Why is some text missing or out of order? PDF was designed for printing, not text extraction. Words can be drawn in any order on the page, and pdfjs-dist reconstructs them based on x/y coordinates. Most documents come out cleanly, but tables, columns, and decorative typography sometimes scramble. For the cleanest extraction, use a PDF that was exported from Word/Pages/Markdown rather than scanned.
Is the PDF uploaded to your server? No. Everything runs in your browser tab using pdfjs-dist (the same library Firefox uses for its built-in PDF viewer). You can verify with DevTools → Network — there are zero upload requests when you click Extract.
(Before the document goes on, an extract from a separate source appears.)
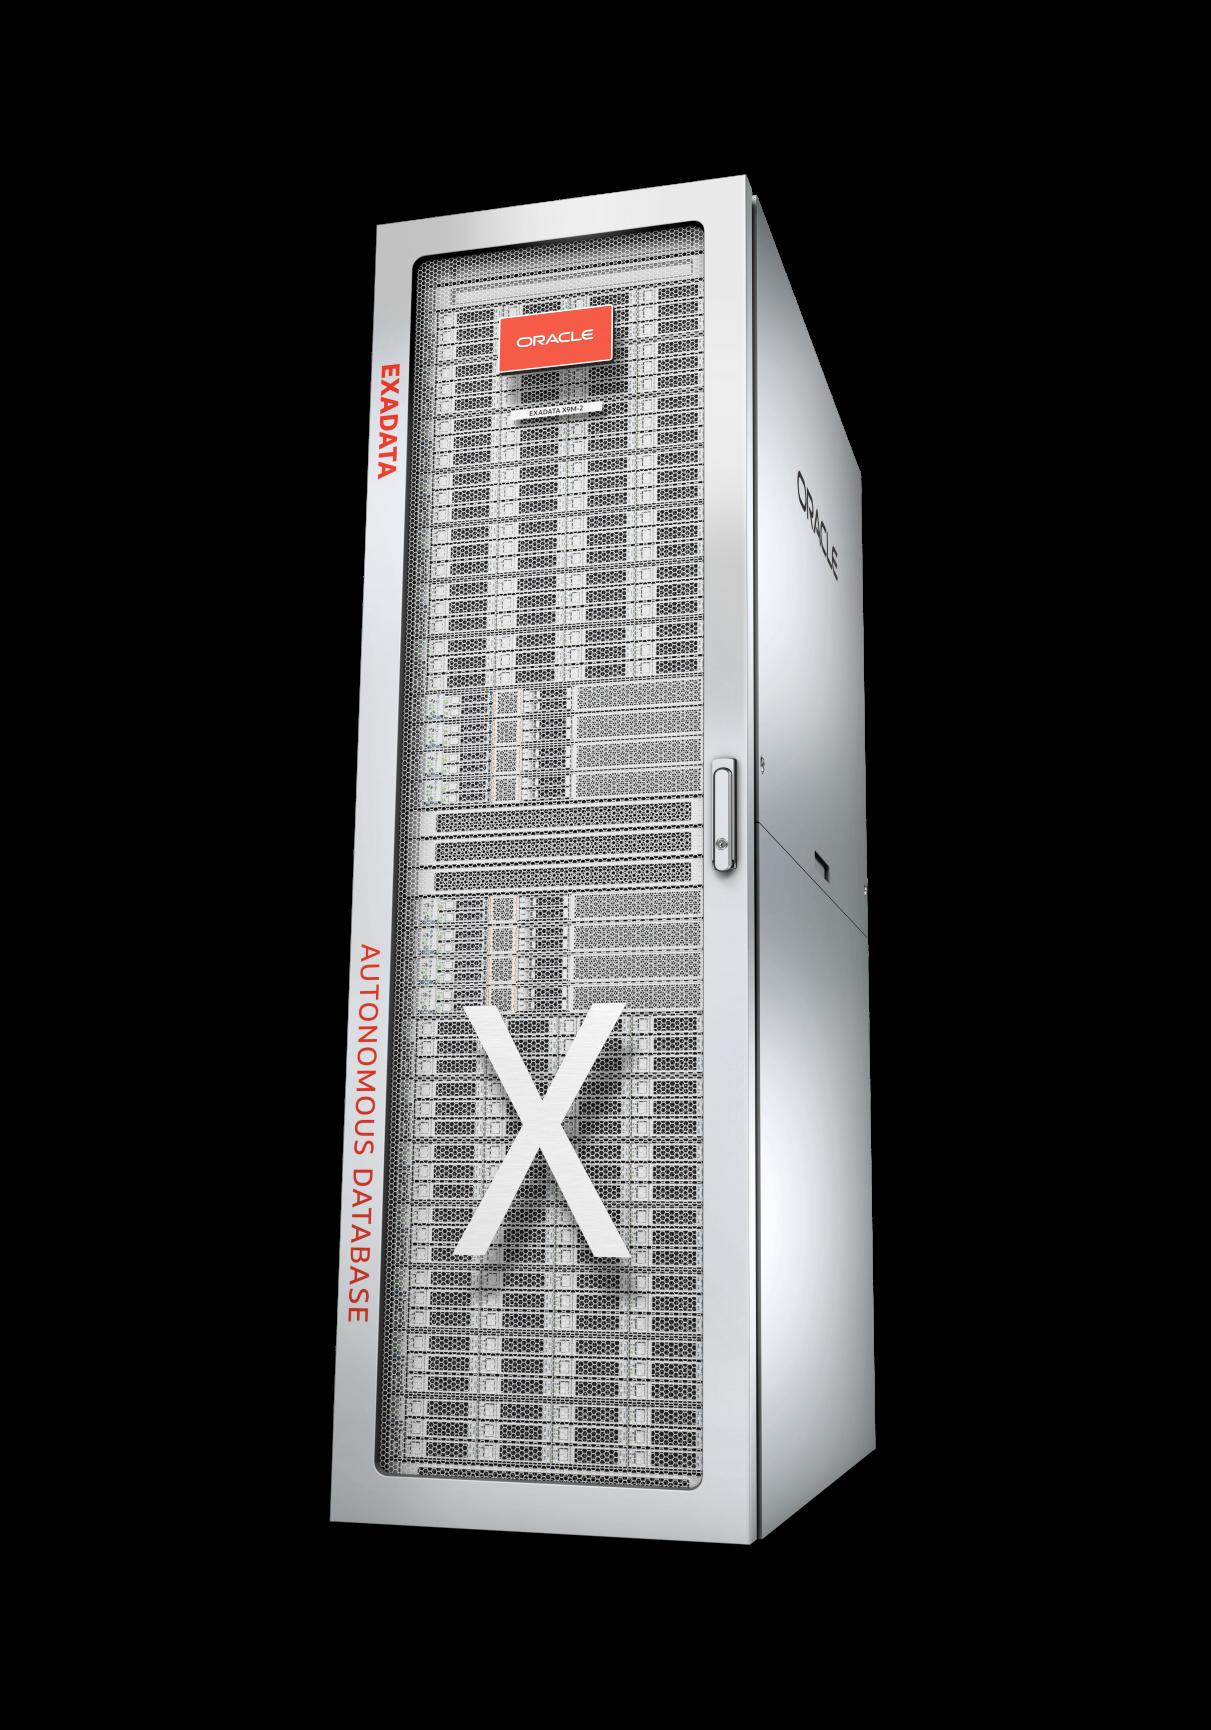 O nouă versiune a celui mai rapid și accesibil sistem pentru bazele de date Oracle

What is the maximum PDF size? 100 MB per file (the same limit as the rest of OhMyPDF). Realistically pdfjs-dist will run fine on most PDFs under that. Very large picture-heavy PDFs may slow down the page during the rendering step.
Can I extract the text per-page? The output uses "--- Page N ---" separators between pages, so you can search for that pattern and split. We may add per-page download in a future version.
Why not give me a Word document? A separate "PDF to Word" feature is in the pipeline. The honest version: text-only Word output is easy, but preserving the original layout (columns, tables, images, fonts) cannot be done well in the browser. We would rather ship a clean text dump than a misleading "Word file."